Required action: From the line containing "Zia Stripe fabric" down to the line containing "michael jackson images wallpapers #11" in the records below, reproduce every line exactly, ends included, and omit all others.

** Source data follows **

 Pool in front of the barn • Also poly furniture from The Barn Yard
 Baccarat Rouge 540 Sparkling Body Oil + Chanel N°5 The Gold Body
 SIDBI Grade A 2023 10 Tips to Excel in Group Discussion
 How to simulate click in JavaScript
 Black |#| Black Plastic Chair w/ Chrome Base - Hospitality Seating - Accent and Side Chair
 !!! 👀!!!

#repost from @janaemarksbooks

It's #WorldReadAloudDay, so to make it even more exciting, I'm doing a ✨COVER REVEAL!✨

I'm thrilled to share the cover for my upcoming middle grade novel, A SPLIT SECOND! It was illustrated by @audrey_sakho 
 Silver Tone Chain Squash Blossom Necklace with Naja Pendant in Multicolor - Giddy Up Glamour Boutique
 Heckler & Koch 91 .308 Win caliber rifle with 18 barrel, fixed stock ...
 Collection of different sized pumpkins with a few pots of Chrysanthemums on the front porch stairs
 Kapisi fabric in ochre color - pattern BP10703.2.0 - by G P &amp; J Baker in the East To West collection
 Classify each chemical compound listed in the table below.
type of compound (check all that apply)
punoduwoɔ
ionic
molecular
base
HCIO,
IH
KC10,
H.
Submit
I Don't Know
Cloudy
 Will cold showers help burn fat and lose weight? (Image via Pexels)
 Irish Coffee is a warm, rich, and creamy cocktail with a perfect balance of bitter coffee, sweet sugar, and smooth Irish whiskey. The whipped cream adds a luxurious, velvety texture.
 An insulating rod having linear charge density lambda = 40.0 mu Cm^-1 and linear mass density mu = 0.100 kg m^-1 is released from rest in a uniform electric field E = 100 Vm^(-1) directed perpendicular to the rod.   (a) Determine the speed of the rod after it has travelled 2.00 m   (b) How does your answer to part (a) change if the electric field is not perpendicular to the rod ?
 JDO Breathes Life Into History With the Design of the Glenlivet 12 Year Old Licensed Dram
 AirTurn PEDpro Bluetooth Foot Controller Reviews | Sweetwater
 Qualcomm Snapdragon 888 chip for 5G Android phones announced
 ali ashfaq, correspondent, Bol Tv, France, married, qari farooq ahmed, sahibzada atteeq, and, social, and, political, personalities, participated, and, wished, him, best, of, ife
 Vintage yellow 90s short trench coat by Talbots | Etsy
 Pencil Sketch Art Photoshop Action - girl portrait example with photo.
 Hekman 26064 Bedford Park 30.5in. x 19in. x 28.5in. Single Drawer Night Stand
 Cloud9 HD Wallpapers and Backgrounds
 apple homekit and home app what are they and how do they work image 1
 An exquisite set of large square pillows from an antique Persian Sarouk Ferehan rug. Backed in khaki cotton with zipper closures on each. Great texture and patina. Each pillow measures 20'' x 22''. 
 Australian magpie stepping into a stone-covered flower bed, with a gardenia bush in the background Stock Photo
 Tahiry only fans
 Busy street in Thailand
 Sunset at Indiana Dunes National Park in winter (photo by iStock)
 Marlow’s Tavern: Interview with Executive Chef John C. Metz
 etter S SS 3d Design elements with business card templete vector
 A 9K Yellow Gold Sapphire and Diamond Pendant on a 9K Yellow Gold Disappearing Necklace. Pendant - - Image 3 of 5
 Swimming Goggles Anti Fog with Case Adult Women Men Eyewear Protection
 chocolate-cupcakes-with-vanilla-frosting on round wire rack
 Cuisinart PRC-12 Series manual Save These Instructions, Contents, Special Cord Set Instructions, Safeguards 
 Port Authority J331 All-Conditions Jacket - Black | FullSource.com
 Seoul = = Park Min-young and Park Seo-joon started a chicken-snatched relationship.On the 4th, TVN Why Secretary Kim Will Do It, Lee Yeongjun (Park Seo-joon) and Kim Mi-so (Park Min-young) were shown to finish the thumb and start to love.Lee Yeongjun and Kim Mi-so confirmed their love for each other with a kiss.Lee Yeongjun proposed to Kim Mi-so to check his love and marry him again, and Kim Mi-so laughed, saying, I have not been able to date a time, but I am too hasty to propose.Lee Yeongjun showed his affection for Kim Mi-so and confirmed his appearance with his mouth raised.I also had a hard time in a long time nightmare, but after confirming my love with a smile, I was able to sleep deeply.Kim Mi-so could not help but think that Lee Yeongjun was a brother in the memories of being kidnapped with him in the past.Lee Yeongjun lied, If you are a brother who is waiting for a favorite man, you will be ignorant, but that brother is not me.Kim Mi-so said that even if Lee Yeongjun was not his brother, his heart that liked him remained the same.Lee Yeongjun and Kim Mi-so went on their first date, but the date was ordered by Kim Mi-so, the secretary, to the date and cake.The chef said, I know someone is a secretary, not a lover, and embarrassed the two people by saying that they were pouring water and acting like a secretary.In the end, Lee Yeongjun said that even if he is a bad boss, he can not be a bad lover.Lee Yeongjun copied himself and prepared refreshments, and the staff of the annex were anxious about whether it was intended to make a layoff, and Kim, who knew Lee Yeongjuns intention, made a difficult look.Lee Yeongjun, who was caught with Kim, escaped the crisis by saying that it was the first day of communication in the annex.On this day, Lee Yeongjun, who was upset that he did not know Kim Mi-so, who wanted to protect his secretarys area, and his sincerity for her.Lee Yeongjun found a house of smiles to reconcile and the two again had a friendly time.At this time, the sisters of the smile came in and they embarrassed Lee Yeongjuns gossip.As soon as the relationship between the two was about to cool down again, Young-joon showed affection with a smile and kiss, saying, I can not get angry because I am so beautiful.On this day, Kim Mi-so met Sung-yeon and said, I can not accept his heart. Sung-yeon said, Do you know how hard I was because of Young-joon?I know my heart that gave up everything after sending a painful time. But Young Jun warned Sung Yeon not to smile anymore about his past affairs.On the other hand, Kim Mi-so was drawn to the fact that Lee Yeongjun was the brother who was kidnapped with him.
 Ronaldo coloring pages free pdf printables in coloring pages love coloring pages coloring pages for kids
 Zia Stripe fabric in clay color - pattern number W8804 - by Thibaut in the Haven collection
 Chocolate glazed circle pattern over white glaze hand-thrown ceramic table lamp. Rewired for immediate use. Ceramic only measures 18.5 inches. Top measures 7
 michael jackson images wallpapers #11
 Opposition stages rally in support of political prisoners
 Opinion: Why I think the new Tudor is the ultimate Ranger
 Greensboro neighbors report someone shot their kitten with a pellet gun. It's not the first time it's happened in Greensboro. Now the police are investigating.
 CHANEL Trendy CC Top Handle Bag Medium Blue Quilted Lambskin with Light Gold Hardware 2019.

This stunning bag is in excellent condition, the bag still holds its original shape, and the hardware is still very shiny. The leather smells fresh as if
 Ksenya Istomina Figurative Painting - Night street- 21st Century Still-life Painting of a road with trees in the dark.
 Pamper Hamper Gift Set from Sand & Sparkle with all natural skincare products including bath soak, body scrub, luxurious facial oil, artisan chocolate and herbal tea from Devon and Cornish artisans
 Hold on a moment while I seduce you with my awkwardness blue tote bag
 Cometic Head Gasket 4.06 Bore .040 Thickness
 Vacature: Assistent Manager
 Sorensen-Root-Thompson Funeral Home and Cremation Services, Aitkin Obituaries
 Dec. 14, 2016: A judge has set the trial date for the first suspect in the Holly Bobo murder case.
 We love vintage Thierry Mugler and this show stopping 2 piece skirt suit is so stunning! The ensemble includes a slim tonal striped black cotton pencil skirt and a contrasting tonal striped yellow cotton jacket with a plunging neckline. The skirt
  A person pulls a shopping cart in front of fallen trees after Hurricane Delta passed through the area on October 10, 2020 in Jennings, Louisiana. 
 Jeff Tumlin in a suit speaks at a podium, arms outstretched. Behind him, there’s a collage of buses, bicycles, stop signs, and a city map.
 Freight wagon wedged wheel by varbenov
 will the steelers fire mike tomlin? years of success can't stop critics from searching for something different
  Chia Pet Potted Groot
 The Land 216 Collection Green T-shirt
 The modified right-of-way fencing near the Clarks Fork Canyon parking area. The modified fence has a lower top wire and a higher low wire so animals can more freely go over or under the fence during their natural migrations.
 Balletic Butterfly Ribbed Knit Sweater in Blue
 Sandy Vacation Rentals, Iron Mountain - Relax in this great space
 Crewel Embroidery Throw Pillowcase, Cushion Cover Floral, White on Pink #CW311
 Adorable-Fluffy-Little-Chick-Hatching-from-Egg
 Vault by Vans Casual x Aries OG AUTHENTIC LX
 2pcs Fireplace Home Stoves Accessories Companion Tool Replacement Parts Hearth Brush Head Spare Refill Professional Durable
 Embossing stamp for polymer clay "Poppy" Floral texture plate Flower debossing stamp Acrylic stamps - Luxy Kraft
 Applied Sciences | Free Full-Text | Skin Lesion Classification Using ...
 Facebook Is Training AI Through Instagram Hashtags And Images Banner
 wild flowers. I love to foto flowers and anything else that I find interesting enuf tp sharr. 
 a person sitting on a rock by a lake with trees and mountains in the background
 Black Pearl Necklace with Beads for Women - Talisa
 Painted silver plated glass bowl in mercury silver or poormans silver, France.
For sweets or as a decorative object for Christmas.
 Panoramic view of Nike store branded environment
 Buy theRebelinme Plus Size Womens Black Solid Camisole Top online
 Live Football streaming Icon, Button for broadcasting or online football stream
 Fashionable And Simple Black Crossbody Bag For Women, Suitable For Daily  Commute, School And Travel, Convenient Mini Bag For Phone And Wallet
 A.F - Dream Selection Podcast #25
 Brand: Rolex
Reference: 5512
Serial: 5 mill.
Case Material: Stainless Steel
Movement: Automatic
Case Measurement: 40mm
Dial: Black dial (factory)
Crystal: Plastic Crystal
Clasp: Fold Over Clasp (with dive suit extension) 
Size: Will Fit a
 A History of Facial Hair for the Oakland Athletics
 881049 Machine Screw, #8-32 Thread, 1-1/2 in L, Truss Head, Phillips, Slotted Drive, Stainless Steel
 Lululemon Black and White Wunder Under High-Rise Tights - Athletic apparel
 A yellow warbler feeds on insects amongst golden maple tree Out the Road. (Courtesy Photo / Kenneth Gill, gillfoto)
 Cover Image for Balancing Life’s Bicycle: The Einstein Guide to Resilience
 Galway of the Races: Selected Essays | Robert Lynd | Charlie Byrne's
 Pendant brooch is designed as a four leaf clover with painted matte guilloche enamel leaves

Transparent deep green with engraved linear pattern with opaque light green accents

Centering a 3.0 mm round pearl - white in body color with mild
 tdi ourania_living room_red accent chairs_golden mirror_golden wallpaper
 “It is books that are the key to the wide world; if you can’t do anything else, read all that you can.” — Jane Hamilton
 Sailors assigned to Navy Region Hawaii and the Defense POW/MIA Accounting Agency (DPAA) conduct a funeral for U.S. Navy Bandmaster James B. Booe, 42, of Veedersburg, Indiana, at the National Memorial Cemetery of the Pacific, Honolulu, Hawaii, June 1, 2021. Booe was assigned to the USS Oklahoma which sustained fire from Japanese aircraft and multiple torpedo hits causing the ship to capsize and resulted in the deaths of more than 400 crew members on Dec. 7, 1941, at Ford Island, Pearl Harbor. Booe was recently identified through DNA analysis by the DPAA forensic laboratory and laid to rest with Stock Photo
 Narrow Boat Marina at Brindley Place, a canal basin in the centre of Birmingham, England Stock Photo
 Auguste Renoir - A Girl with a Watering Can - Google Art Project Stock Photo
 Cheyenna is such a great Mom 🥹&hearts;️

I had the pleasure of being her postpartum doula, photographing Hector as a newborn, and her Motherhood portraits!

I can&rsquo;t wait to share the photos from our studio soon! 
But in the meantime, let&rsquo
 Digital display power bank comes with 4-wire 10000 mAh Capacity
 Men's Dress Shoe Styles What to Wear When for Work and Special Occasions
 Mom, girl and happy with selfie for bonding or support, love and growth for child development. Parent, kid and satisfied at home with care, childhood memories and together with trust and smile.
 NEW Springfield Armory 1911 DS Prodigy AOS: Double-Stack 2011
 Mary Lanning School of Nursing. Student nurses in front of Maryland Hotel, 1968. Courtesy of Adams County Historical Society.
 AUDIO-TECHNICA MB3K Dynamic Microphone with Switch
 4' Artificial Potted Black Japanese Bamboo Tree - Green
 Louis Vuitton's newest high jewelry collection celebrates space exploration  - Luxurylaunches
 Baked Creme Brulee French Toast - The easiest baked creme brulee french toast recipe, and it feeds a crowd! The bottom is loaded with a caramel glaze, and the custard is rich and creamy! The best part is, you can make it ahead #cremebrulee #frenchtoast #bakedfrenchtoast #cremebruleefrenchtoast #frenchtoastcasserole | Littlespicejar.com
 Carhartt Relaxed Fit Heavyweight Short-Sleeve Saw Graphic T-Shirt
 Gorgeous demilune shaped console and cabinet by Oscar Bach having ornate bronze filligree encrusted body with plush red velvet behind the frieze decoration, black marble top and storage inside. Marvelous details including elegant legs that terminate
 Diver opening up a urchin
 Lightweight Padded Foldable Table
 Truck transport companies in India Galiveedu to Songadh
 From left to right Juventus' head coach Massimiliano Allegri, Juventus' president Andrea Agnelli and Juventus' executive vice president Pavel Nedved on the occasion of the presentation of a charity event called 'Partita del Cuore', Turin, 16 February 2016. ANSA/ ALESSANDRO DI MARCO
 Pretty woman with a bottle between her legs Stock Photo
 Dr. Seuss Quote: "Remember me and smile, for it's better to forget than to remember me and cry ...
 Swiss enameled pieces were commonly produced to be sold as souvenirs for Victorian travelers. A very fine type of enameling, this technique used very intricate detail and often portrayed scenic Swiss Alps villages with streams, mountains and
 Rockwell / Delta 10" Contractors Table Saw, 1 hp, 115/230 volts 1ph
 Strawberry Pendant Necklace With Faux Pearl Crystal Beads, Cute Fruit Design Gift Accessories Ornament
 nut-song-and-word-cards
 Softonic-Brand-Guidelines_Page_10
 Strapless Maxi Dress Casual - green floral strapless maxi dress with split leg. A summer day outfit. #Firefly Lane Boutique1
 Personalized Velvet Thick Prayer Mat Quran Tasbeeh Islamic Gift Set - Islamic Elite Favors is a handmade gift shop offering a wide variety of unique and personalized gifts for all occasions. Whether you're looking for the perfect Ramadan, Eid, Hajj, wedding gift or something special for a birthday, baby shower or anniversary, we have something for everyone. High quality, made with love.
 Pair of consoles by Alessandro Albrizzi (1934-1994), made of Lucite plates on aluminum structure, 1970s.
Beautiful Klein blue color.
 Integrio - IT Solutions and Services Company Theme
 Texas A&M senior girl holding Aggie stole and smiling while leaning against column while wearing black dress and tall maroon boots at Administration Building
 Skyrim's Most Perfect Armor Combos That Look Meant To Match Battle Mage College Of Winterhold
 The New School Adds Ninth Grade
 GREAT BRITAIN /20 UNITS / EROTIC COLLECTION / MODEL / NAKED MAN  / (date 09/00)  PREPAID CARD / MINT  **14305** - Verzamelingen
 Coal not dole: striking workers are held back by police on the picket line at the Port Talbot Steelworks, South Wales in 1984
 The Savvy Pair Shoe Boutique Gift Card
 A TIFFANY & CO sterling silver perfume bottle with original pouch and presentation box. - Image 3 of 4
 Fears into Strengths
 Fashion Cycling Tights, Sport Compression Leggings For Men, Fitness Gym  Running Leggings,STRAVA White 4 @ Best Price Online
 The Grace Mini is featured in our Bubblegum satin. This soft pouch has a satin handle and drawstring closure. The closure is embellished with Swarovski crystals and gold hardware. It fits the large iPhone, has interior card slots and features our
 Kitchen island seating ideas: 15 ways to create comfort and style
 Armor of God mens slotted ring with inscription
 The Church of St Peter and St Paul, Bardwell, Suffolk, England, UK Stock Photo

** End of Source data **

Completed exercise:
 Zia Stripe fabric in clay color - pattern number W8804 - by Thibaut in the Haven collection
 Chocolate glazed circle pattern over white glaze hand-thrown ceramic table lamp. Rewired for immediate use. Ceramic only measures 18.5 inches. Top measures 7
 michael jackson images wallpapers #11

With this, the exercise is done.